Electronic access control uses computers to solve the limitations of mechanical locks and keys. A wide range of credentials can be used to replace mechanical keys. The electronic access control system grants access based on the credential presented. When access is granted, the door is unlocked for a predetermined time and the transaction is recorded. When access is refused, the door remains locked and the attempted access is recorded. The system will also monitor the door and alarm if the door is forced open or held open too long after being unlocked.
Access control system operation
When a credential is presented to a reader, the reader sends the credential's information, usually a number, to a control panel, a highly reliable processor. The control panel compares the credential's number to an access control list, grants or denies the presented request, and sends a transaction log to a database. When access is denied based on the access control list, the door remains locked. If there is a match between the credential and the access control list, the control panel operates a relay that in turn unlocks the door. The control panel also ignores a door open signal to prevent an alarm. Often the reader provides feedback, such as a flashing red LED for an access denied and a flashing green LED for an access granted.

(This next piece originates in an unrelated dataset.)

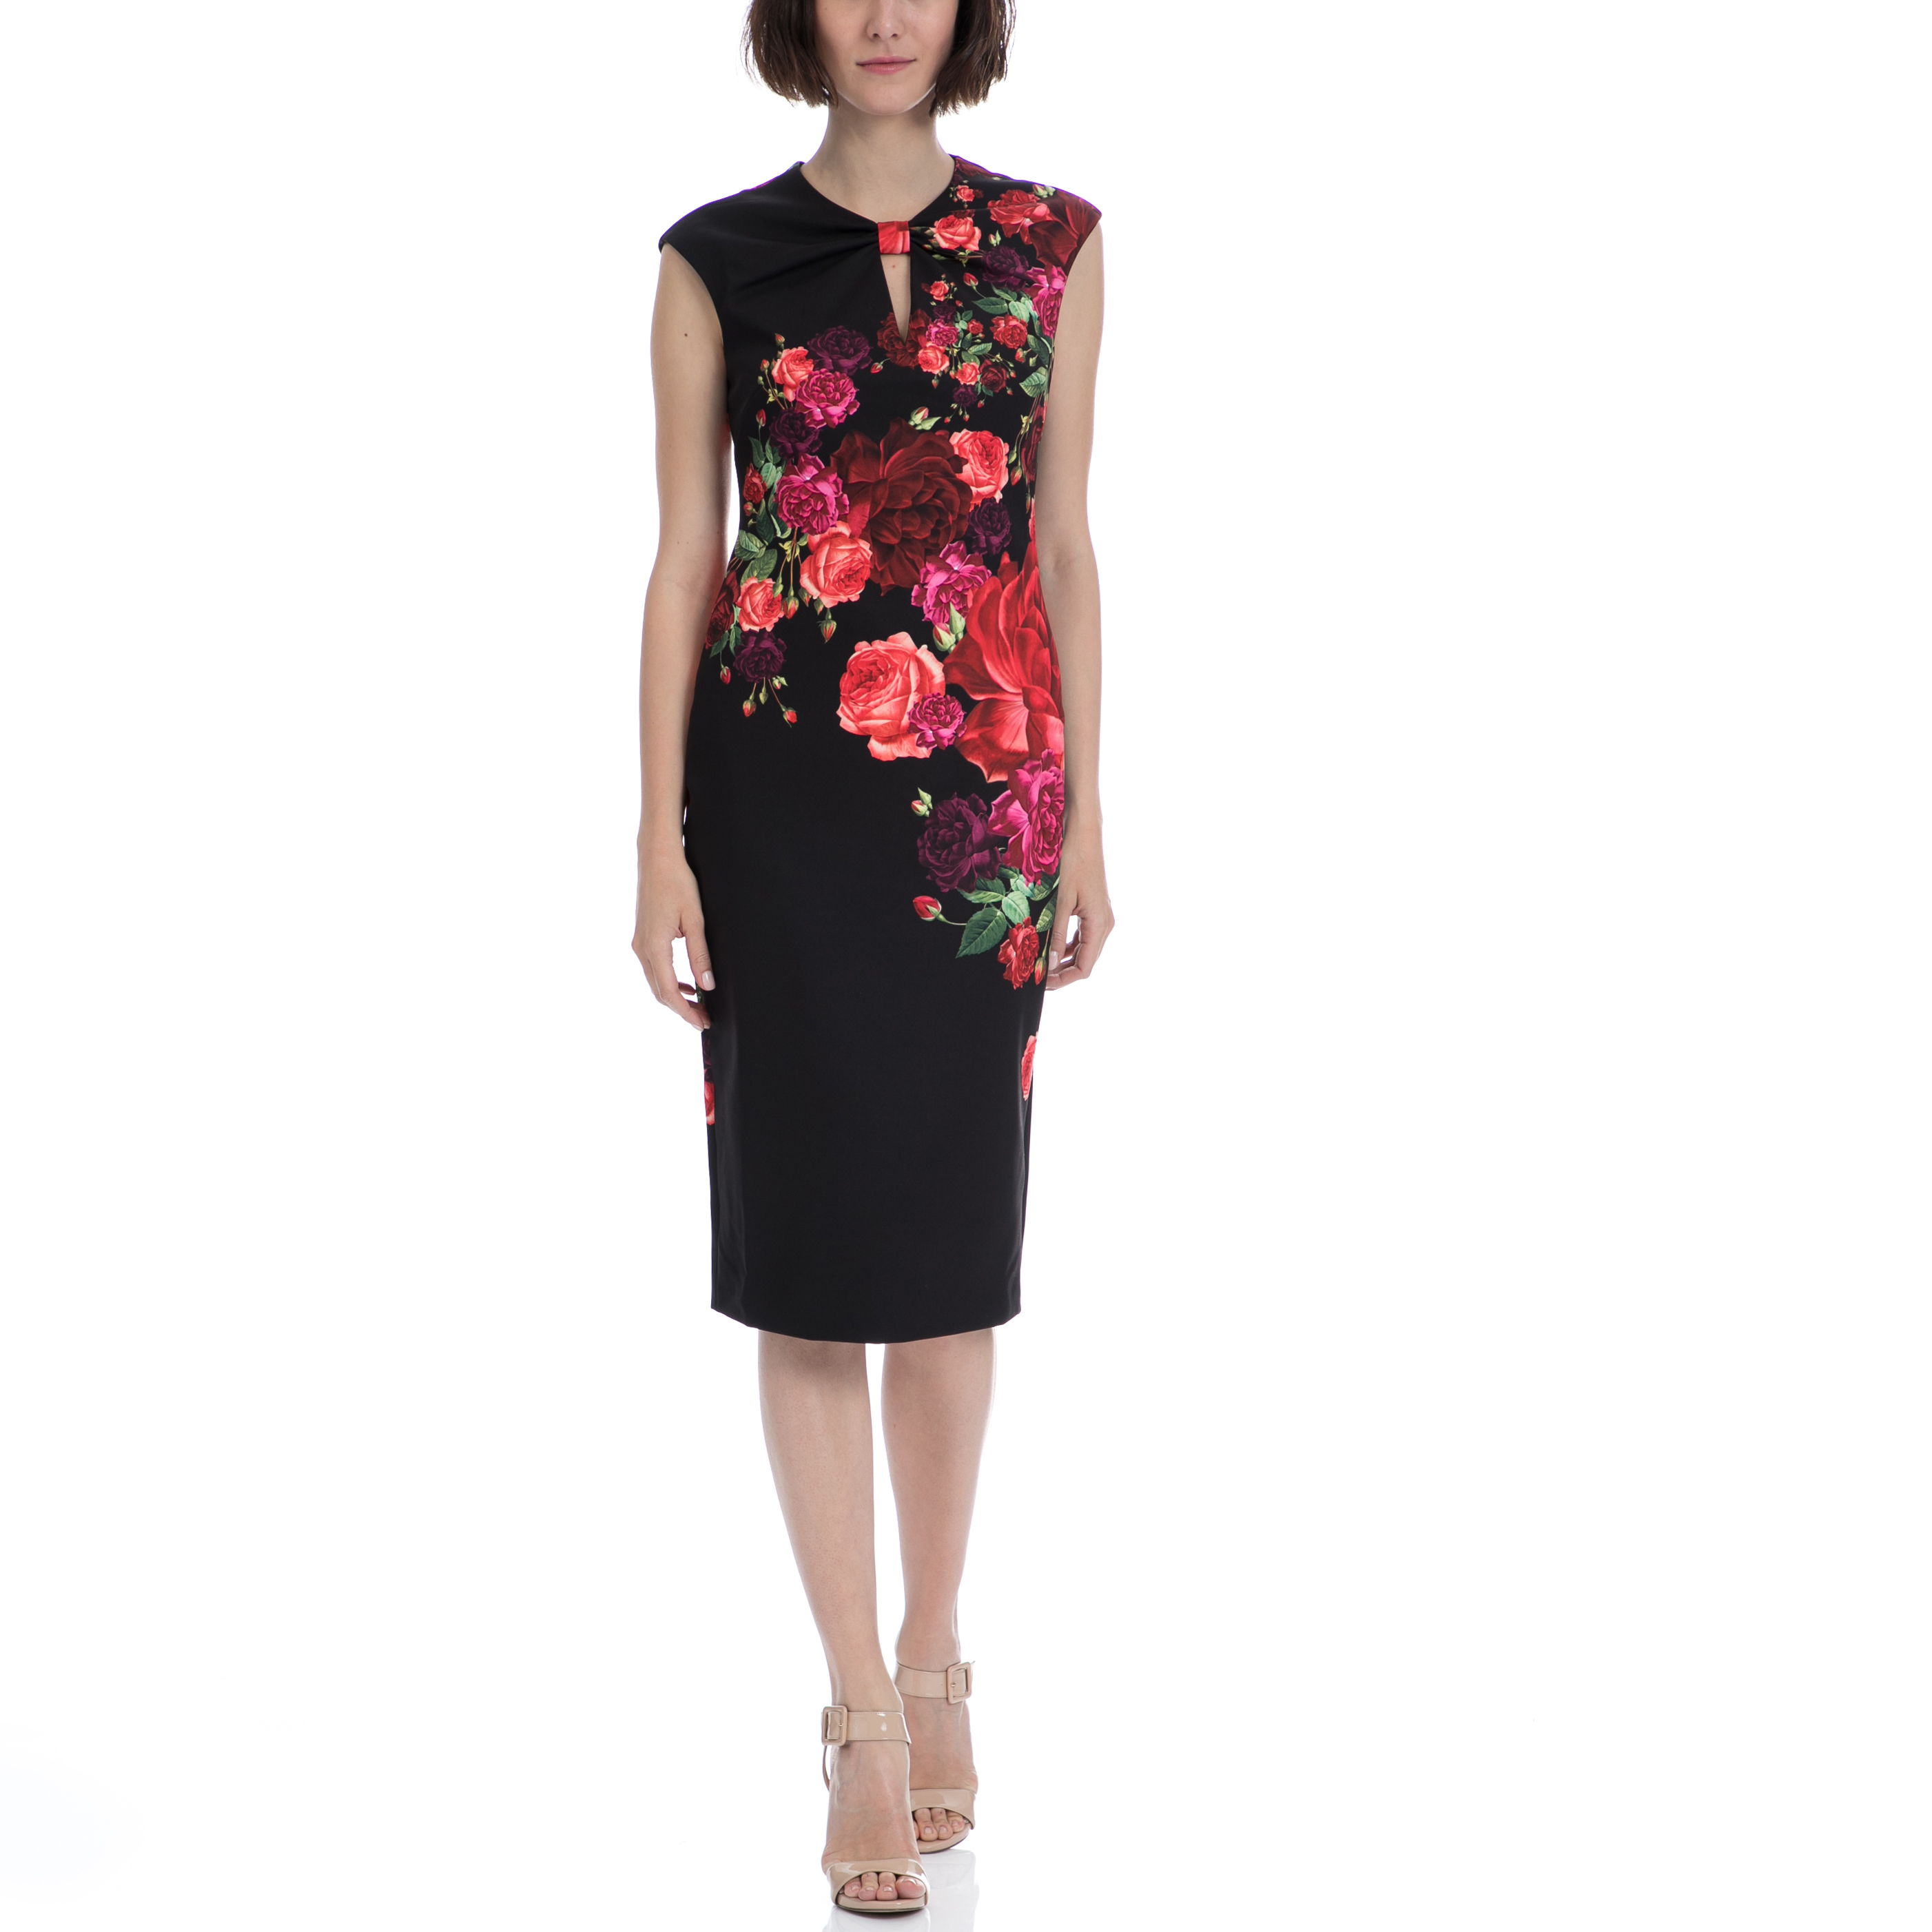 TED BAKER - Μίντι φόρεμα TED BAKER MIRRIE JUXTAPOSE ROSE KNOT DRESS μαύρο φλοράλ γυναικεία ρούχα φορέματα μέχρι το γόνατο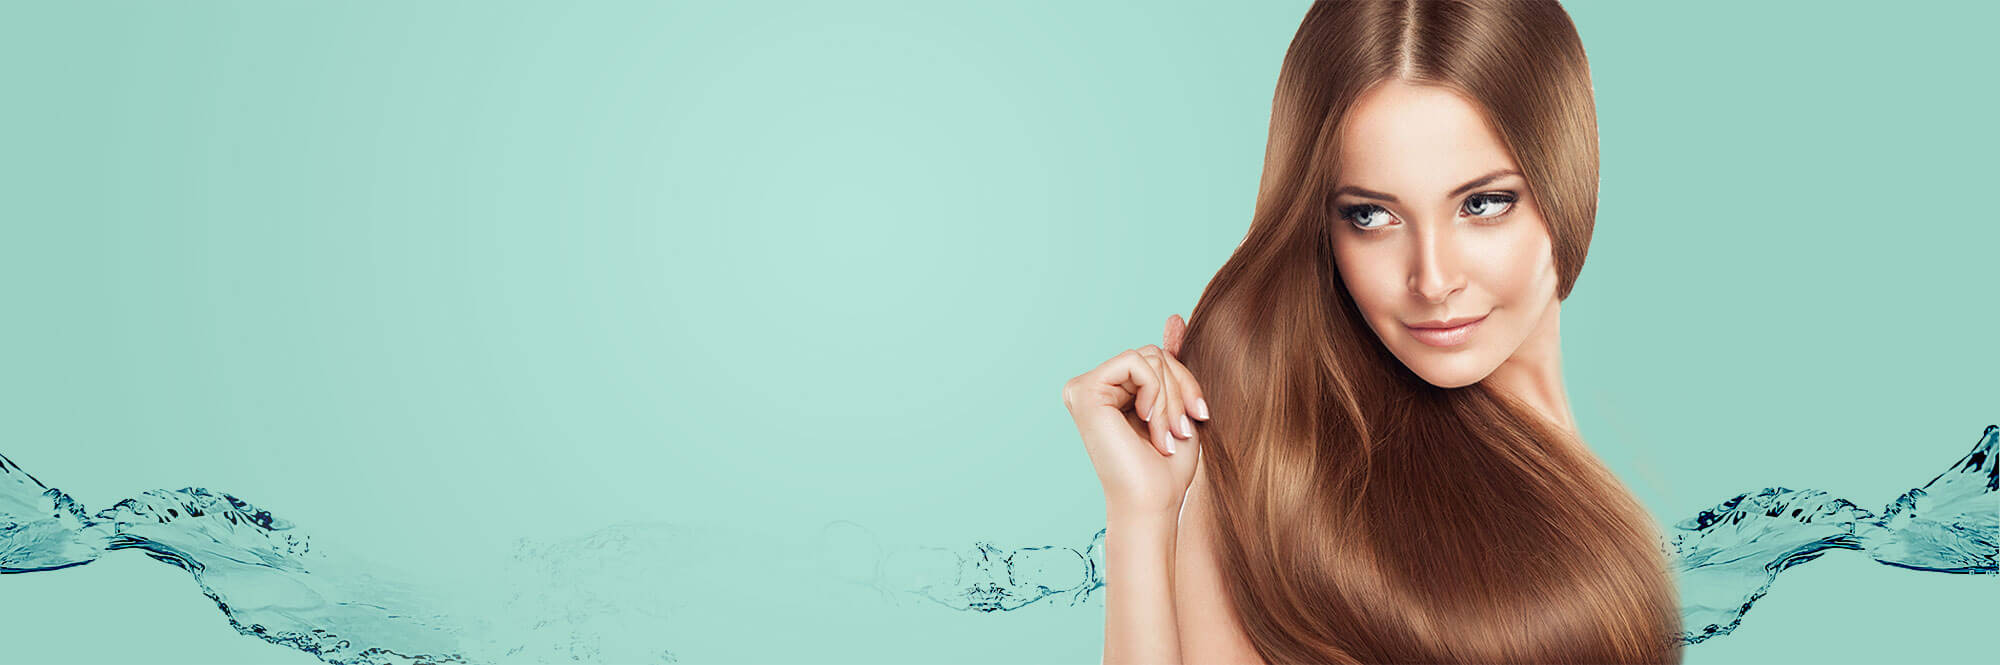 Bliss Hair - ingredientes - funciona - como tomar

The above description illustrates a single factor transaction. Credentials can be passed around, thus subverting the access control list. For example, Alice has access rights to the server room, but Bob does not. Alice either gives Bob her credential, or Bob takes it; he now has access to the server room. To prevent this, two-factor authentication can be used. In a two factor transaction, the presented credential and a second factor are needed for access to be granted; another factor can be a PIN, a second credential, operator intervention, or a biometric input.
- something the user knows, e.g. a password, pass-phrase or PIN
- something the user has, such as smart card or a key fob
- something the user is, such as fingerprint, verified by biometric measurement
Passwords are a common means of verifying a user's identity before access is given to information systems. In addition, a fourth factor of authentication is now recognized: someone you know, whereby another person who knows you can provide a human element of authentication in situations where systems have been set up to allow for such scenarios. For example, a user may have their password, but have forgotten their smart card. In such a scenario, if the user is known to designated cohorts, the cohorts may provide their smart card and password, in combination with the extant factor of the user in question, and thus provide two factors for the user with the missing credential, giving three factors overall to allow access.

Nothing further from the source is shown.